Metamath Proof Explorer

Theorem smff

Description: A function measurable w.r.t. to a sigma-algebra, is actually a function. (Contributed by Glauco Siliprandi, 26-Jun-2021)

Ref Expression
Hypotheses smff.s 
|- ( ph -> S e. SAlg )
smff.f 
|- ( ph -> F e. ( SMblFn ` S ) )
smff.d 
|- D = dom F
Assertion smff 
|- ( ph -> F : D --> RR )

Proof

Step Hyp Ref Expression
1 smff.s 
 |-  ( ph -> S e.

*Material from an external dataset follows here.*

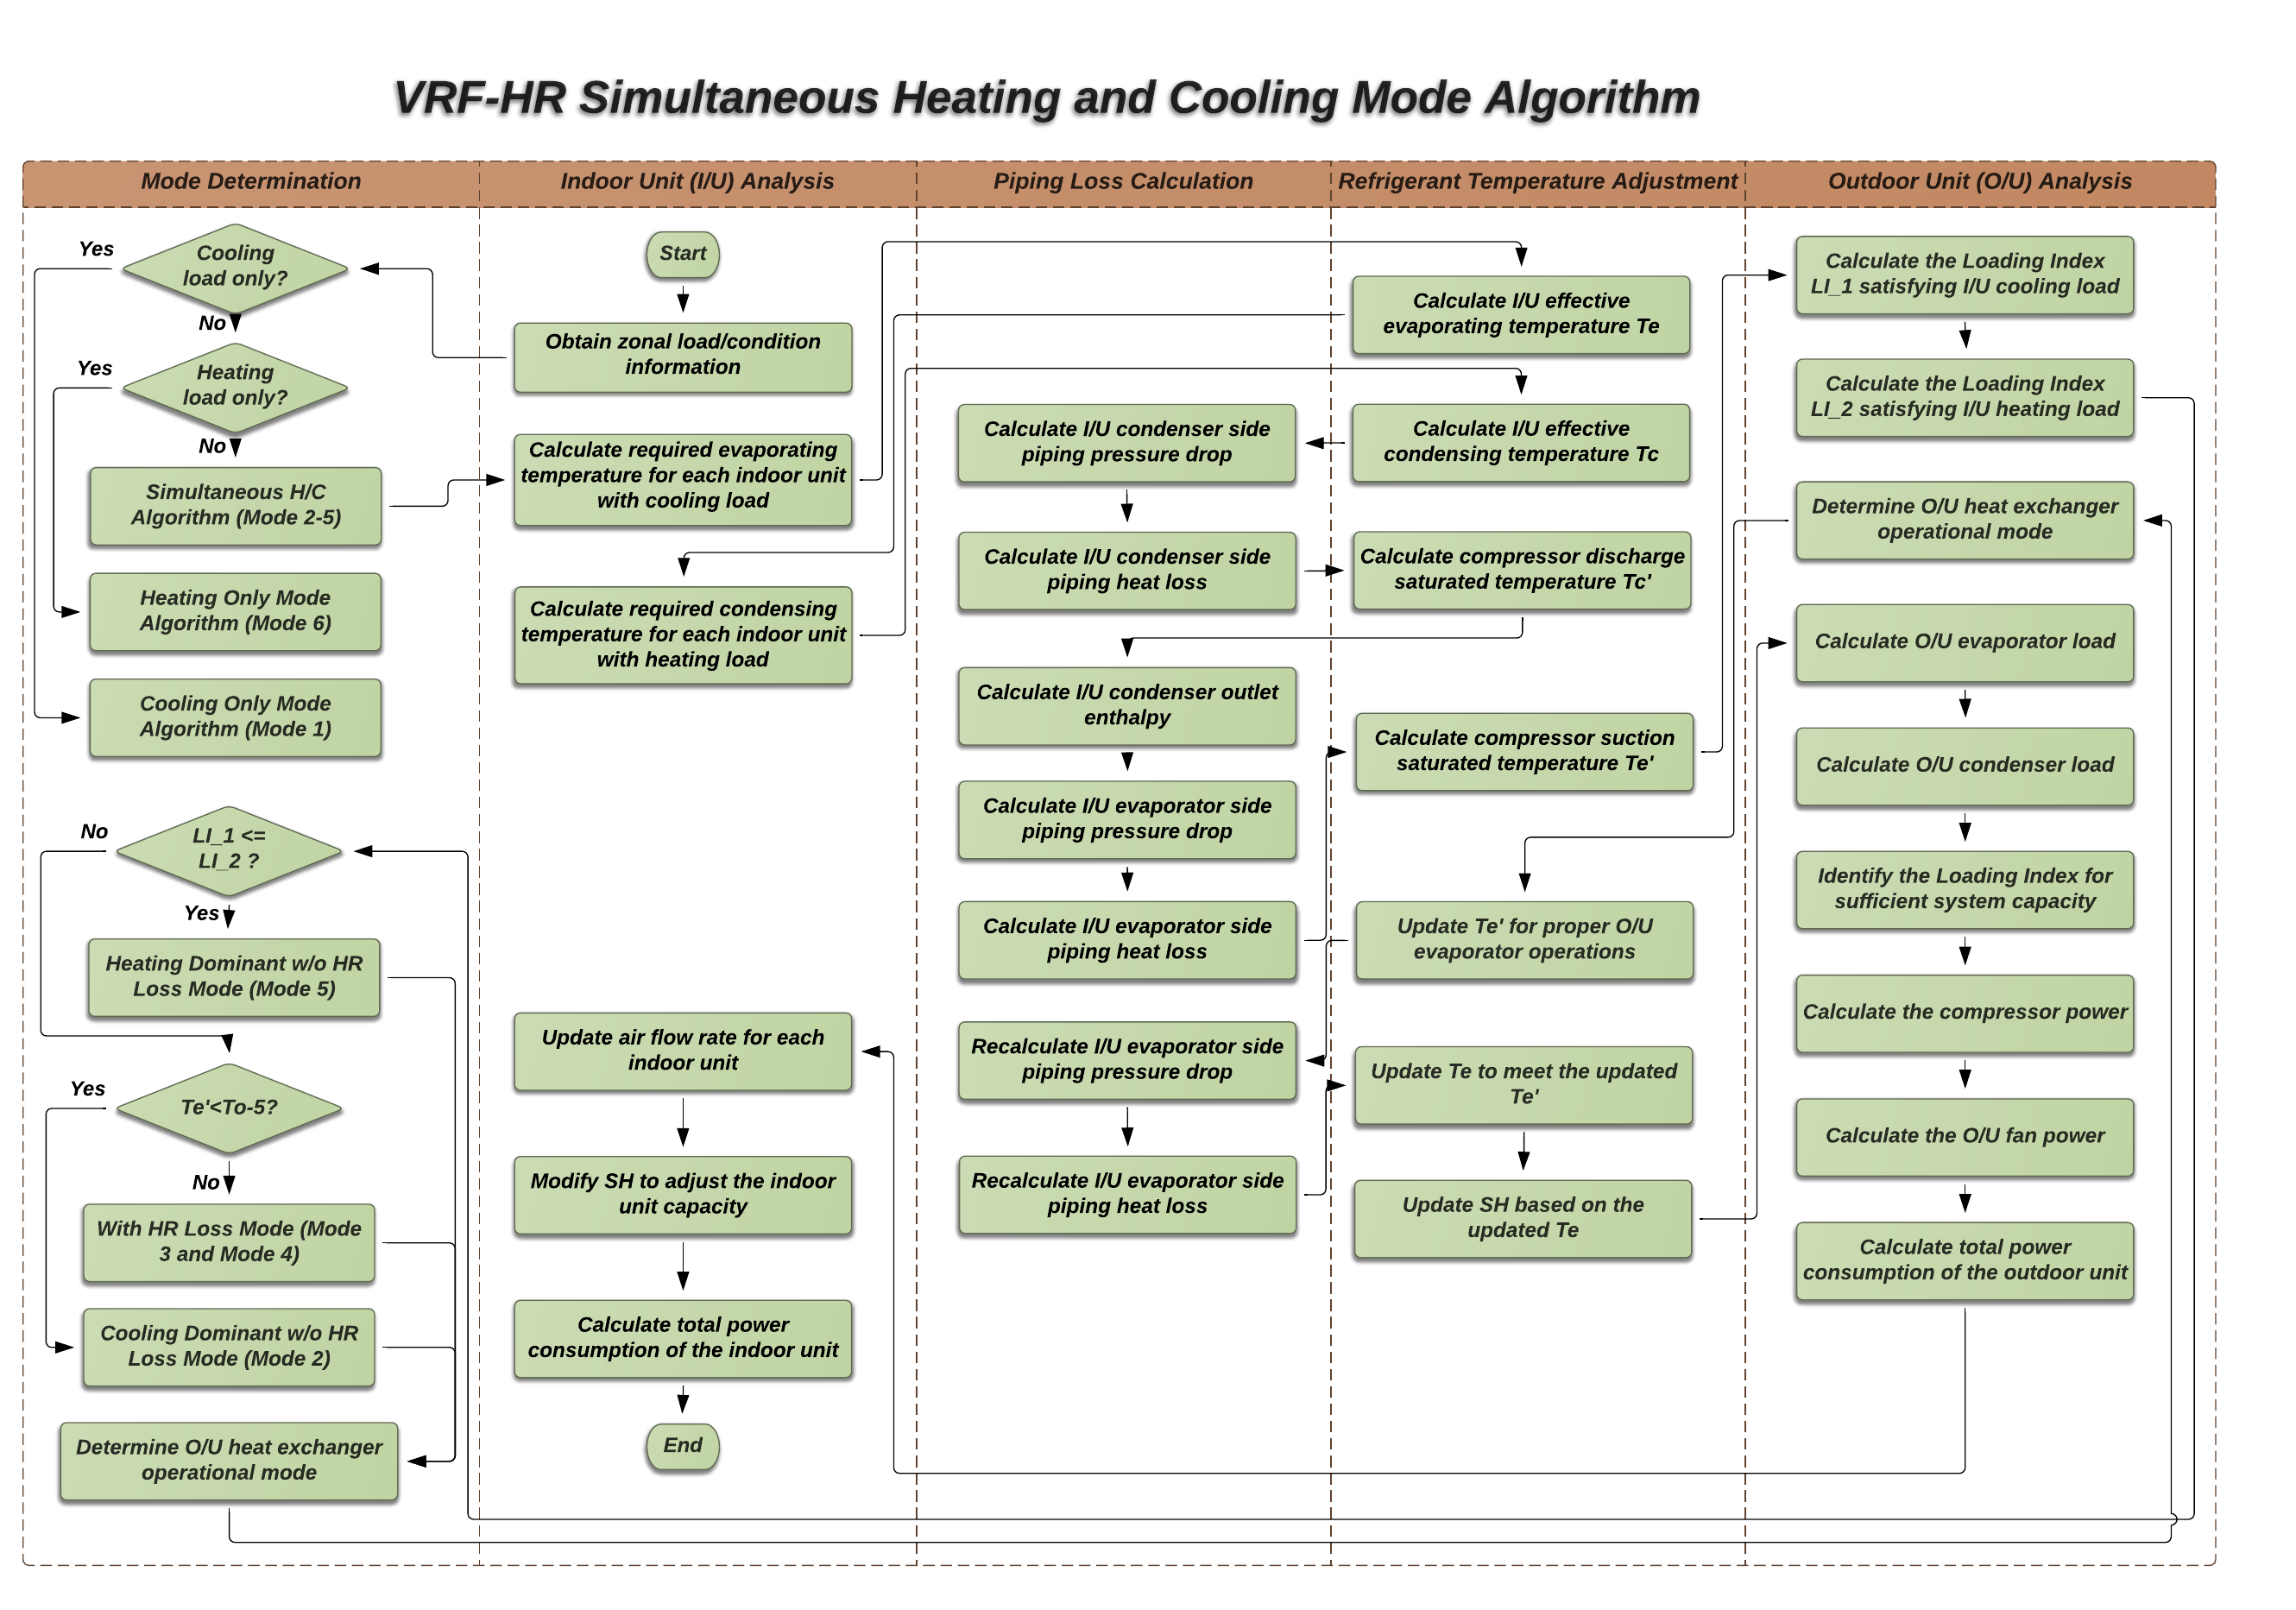 Schematic chart of the new VRF-HR algorithm: Simultaneous Heating and Cooling Mode
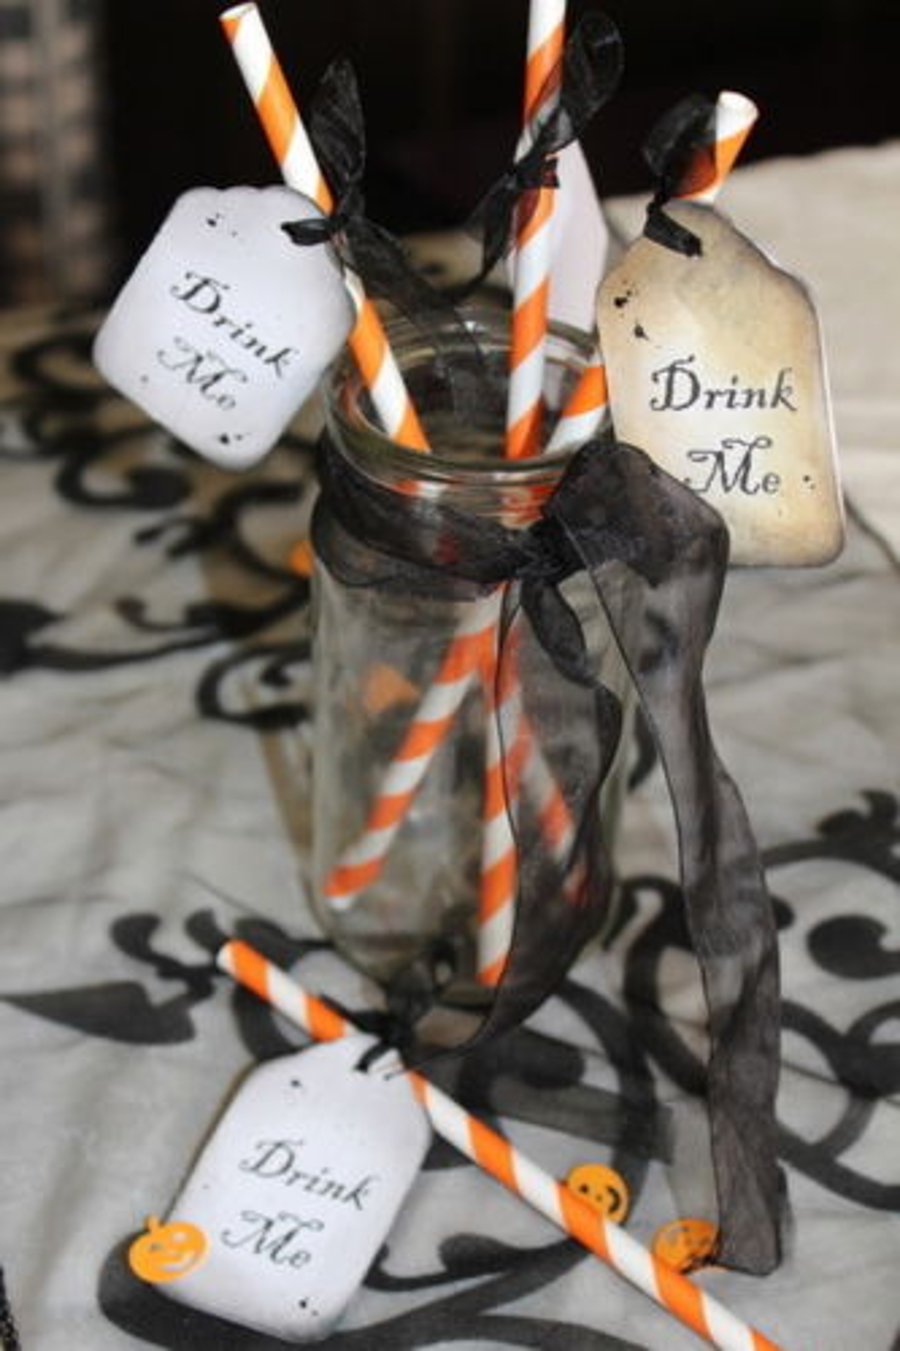 Halloween Paper Straws With Vintage and White Drink Me Tags x 6

SAlg )
2 smff.f 
 |-  ( ph -> F e. ( SMblFn ` S ) )
3 smff.d 
 |-  D = dom F
4 1 3 issmf 
 |-  ( ph -> ( F e. ( SMblFn ` S ) <-> ( D C_ U. S /\ F : D --> RR /\ A. a e. RR { x e. D | ( F ` x ) < a } e. ( S |`t D ) ) ) )
5 2 4 mpbid 
 |-  ( ph -> ( D C_ U. S /\ F : D --> RR /\ A. a e. RR { x e. D | ( F ` x ) < a } e. ( S |`t D ) ) )
6 5 simp2d 
 |-  ( ph -> F : D --> RR )